How to solve large scale generalized assignment problem

Question

I am looking for a way to solve a large scale Generalized assignment problem(To be precise, it is a relaxation of the Generalized assignment problem, because the second constraint has $\le$ instead of $=$). Here, $m$ is the number of agents and $n$ is the number of tasks. $$ \begin{aligned} &\text{maximize} && \sum_{i}^{m} \sum_{j}^{n} p_{ij}x_{ij} \\\ &\text{subject to} && \sum_{j}^{n} w_{ij}x_{ij} \le t_{i} &&& \forall i \\\ & && \sum_{i}^{m} x_{ij} \le 1 &&& \forall j \\\ & && x_{ij} \in \{0, 1\} \end{aligned} $$

data size

• $m \le 1,000$
• $n \le 10,000,000$
• $p_{ij} \le 1,000$
• $w_{ij} \le 1,000$
• $t_i \le 200,000$
• valid agent-task pair(i.e. number of non zero $p_{ij}$) $\le 200,000,000$
• time limit : 6 hours

Generalized assignment problem is NP-hard, so I'm not trying to find an exact solution. Are there any approximation algorithm or heuristic to solve this problem?

Also, are there any other approaches to solving large scale NP-hard problems? For example, I was wondering if it is possible to reduce the number of variables by clustering agents or tasks, but I did not find such a method.

Answer 1

The instances you plan to solve are orders of magnitude larger than the ones from the datasets used in the scientific literature on the Generalized Assignment Problem. The largest instances of the literature have $m = 80$ and $n = 1600$. Most algorithms designed for these instances won't be suitable for you.

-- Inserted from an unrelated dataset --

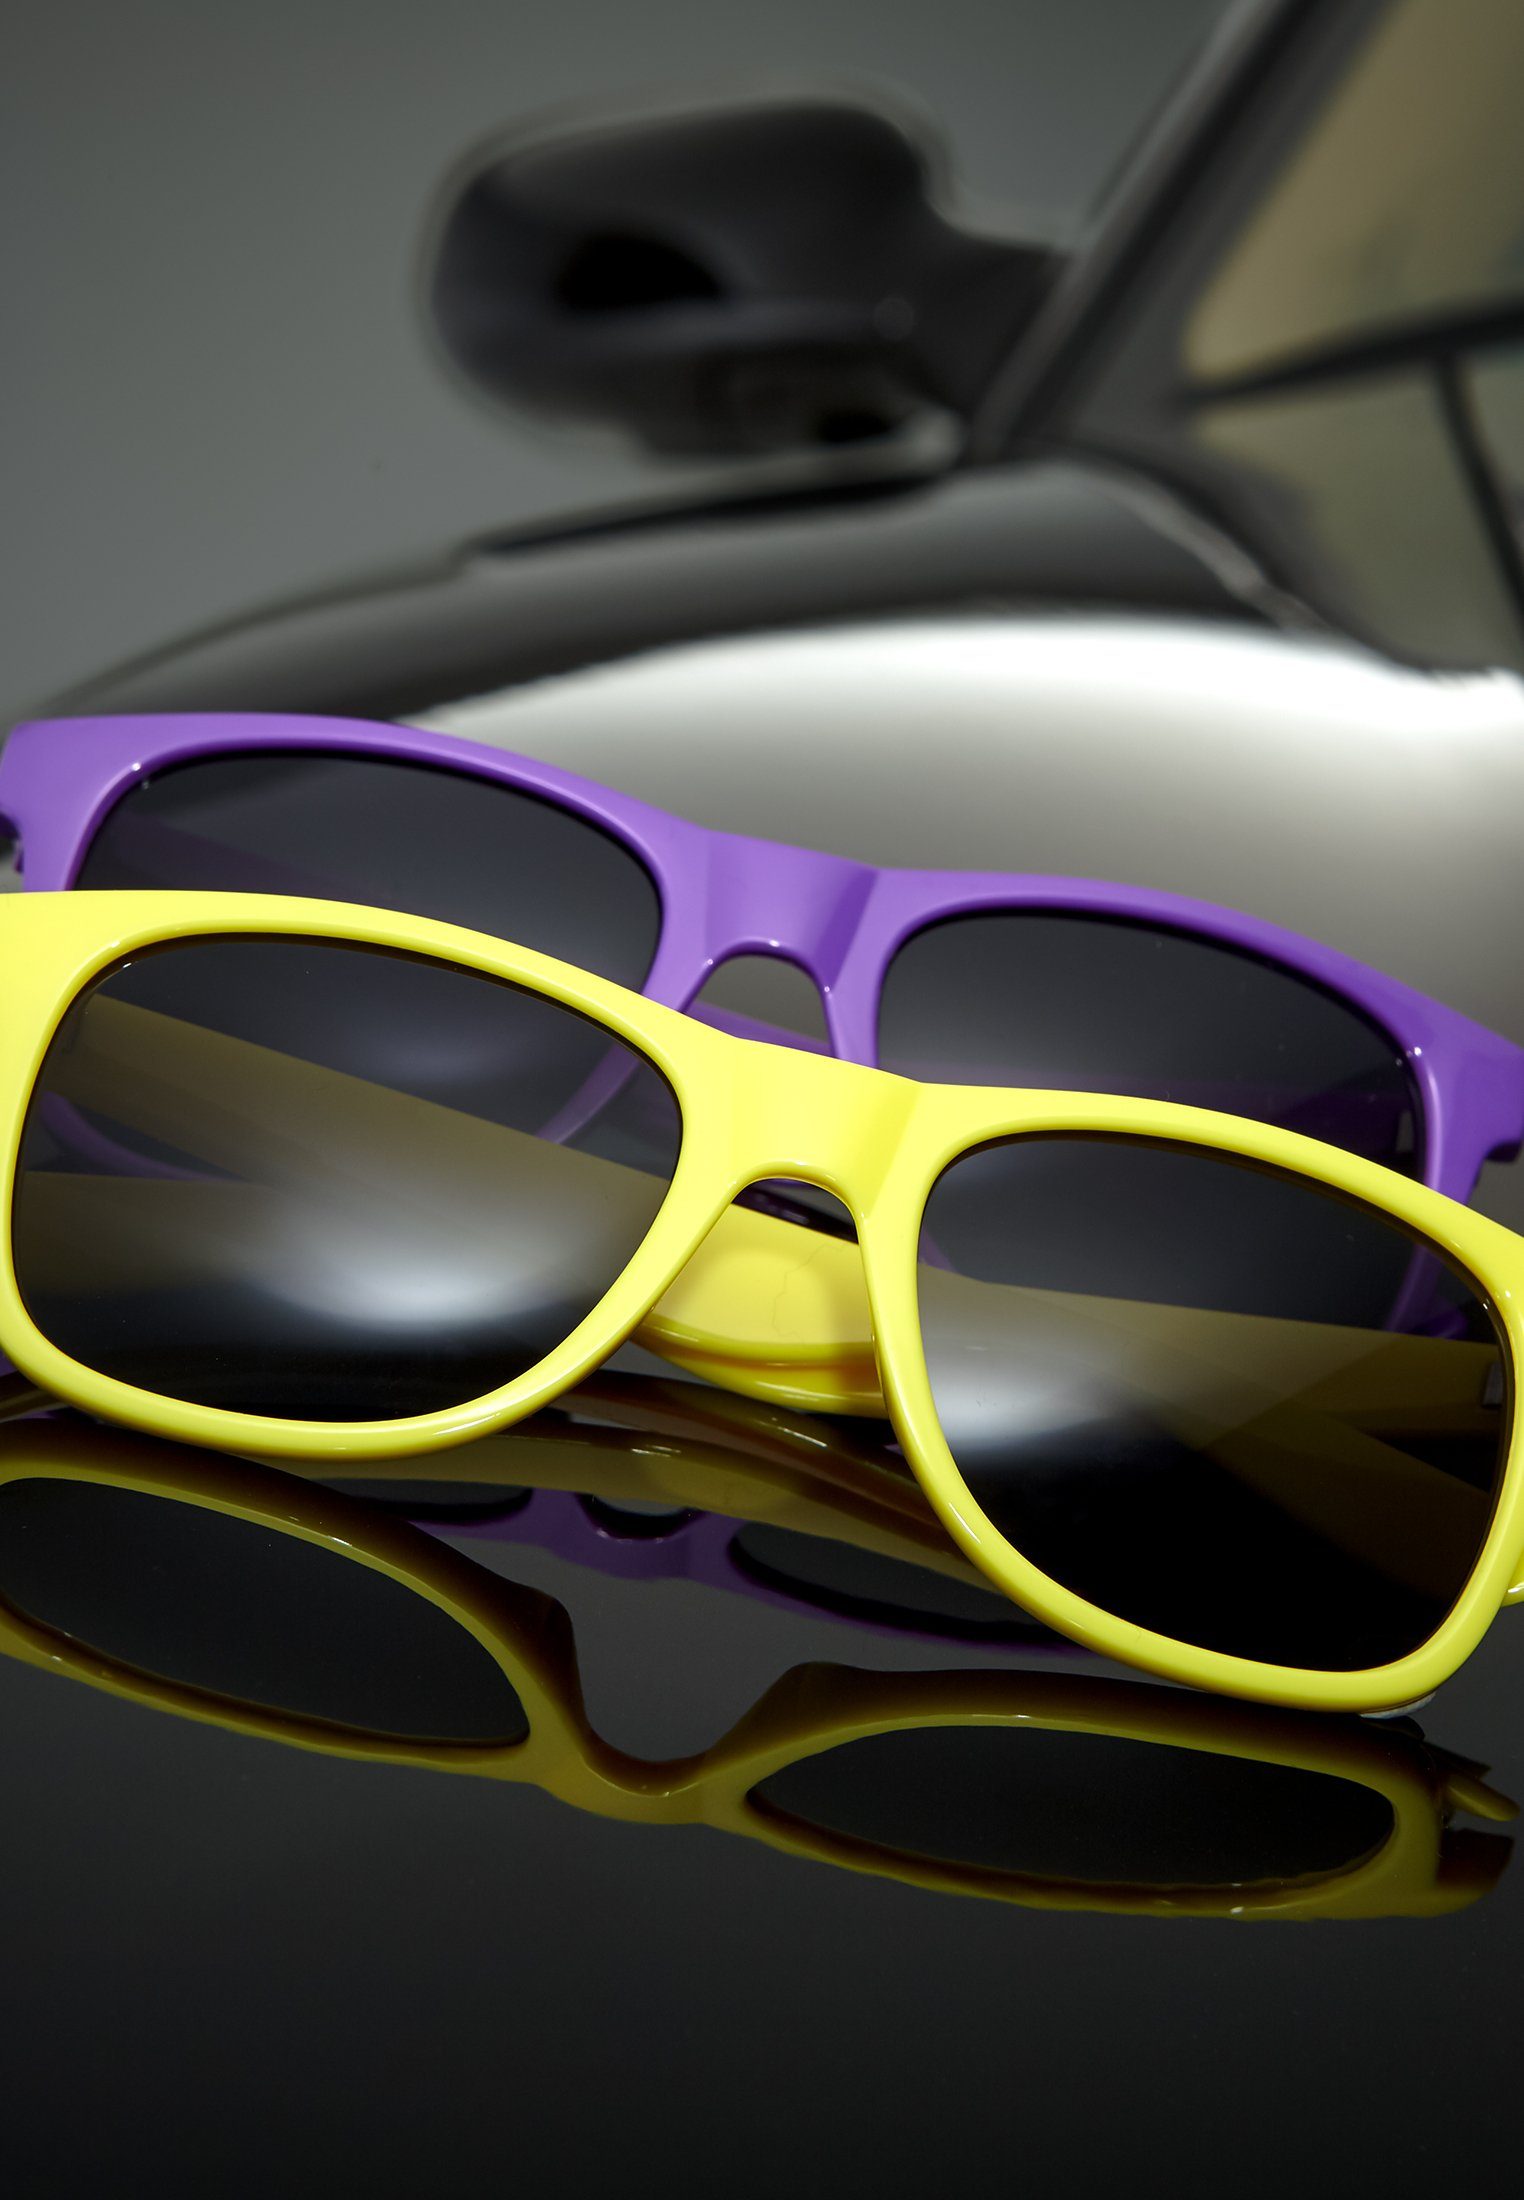 MSTRDS Sonnenbrille Accessoires Groove purple Shades GStwo
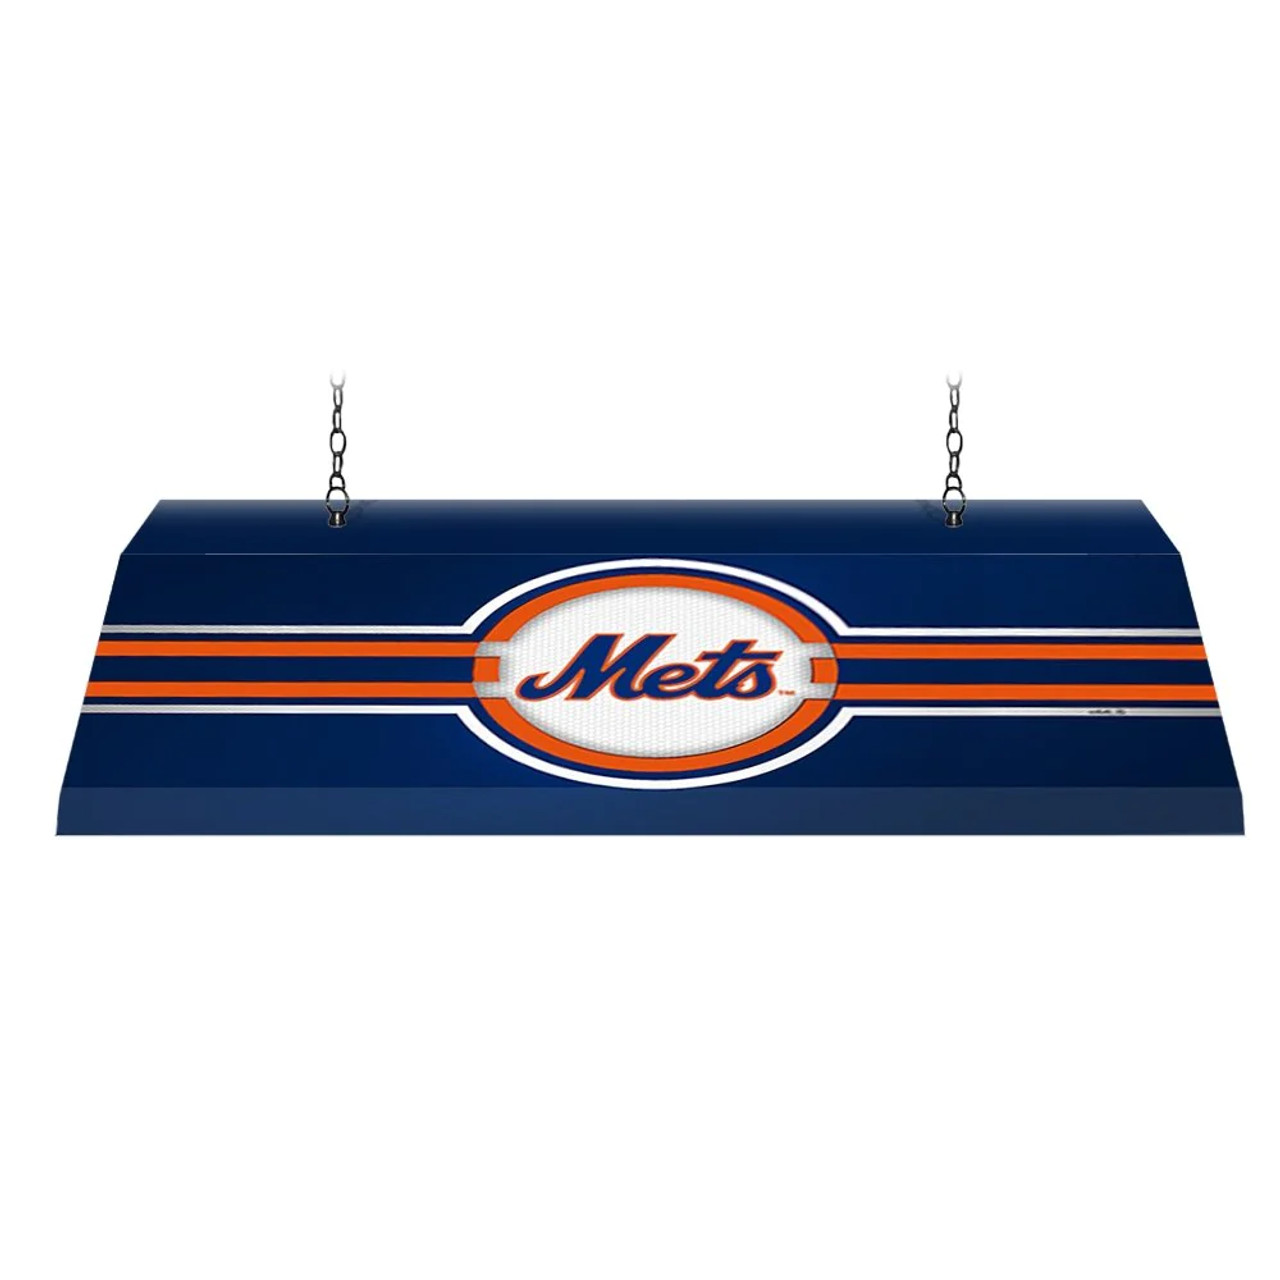 New York Mets: Edge Glow Pool Table Light "A" Version

What seems the most relevant in your case are the polynomial algorithms described in "Knapsack problems: algorithms and computer implementations" (Martello et Toth, 1990):

• Greedy: sort all agent-task pairs according to a given criterion, and then assign greedily from best to worst the unassigned tasks. Complexity: $O(n m \log (n m))$
• Regret greedy: for all tasks, sort its assignments according to a given criterion. At each step, assign the task with the greatest difference between its best assignment and its second-best assignment, and update the structures. Complexity: $O(n m \log m + n^2)$

Various sorting criteria have been proposed: pij, pij/wij, -wij, -wij/ti... -wij and -wij/ti are more suited for the case where all items have to be assigned. In your case pij and pij/wij might yield good results

Then, they propose to try to shift each task once to improve the solution. With at most one shift per task, the algorithms remain polynomial, but you can try more shifts if you have more time.

Note that these algorithms might be optimized if not all pairs are possible, as you indicate in your case.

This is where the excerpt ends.